Mainly monitored system indicators: CPU, memory, disks, network. This was quite enough, because there was one application spinning on php, and nothing else was used. The problem is that according to such indicators there is usually little that can be said. Either working or not. What exactly happens to the application itself is difficult to understand above the level of system indicators.
If the problem was at the application level (not just “the site is not working”, but “the site is working, but something is wrong”), then the client himself wrote or called, informed that there was such a problem, we went and understood, because we ourselves could not notice such problems.
Now there are completely different systems: with scaling, autoscaling, microservices, dockers. Systems have become dynamic. Often, no one really knows exactly how everything works, on how many servers, how exactly it is deployed. It lives its own life. Sometimes it is even unknown what and where is running (if it is Kubernetes, for example).
The increasing complexity of the systems themselves, of course, entailed a greater number of possible problems. Appeared application metrics, the number of threads running in a Java application, the frequency of garbage collector pauses, the number of events in the queue. It is very important that monitoring also monitors system scaling. Suppose you have Kubernetes HPA. It is necessary to understand how many pods are launched, and from each pod launched there should be metrics to the application monitoring system, to apm.
All this needs to be monitored, because all this is reflected in the operation of the system.
And the problems themselves became less obvious.
Conventionally, the problems can be divided into two large groups:
Problems of the first kind - the basic, “user functionality” does not work.
Problems of the second kind - something does not work as it should, and can lead somewhere not there.
That is, now it is necessary to monitor not only the discrete “works / does not work”, but much more gradations. Which, in turn, allows you to catch the problem before everything collapses.
In addition, it is now necessary to monitor the business performance. The business wanted to have charts about money, how often orders go, how much time has passed since the last order, and so on - this is now also the task of monitoring.

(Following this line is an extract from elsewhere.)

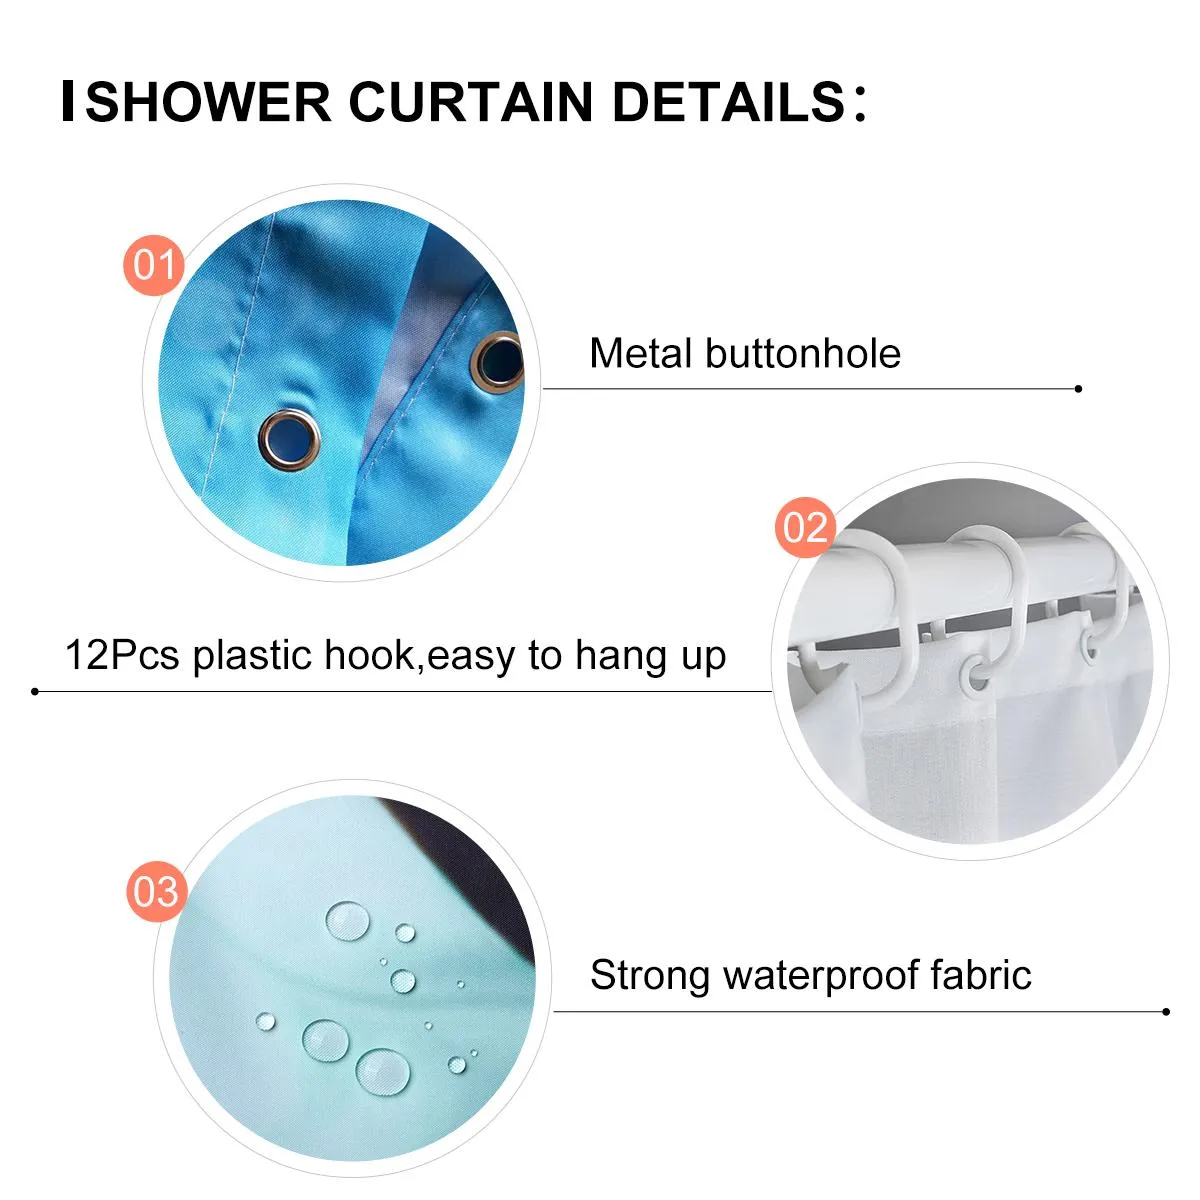 Curtains Turquoise Dahlia Flower Printed Long Shower Curtain Bathroom Waterproof Duschvorhang With Hooks Art Decor Bed Bath and Beyond

The idea of ​​what exactly needs to be monitored should be laid at the time of developing the application and architecture, and it’s not so much about the server architecture as about the architecture of the application as a whole.
Developers / architects should understand which parts of the system are critical for the operation of the project and business, and think in advance that their performance should be checked.
Monitoring should be convenient for the admin, and give an idea of ​​what is happening. The purpose of monitoring is to receive an alert in time, quickly understand from schedules what is happening and what needs to be repaired.
Alerts should be as clear as possible: the administrator, having received an alert, even if he is not familiar with the system, must understand what this alert is about, what documentation to look at, or at least whom to call. There should be clear instructions on what to do and how to solve the problem.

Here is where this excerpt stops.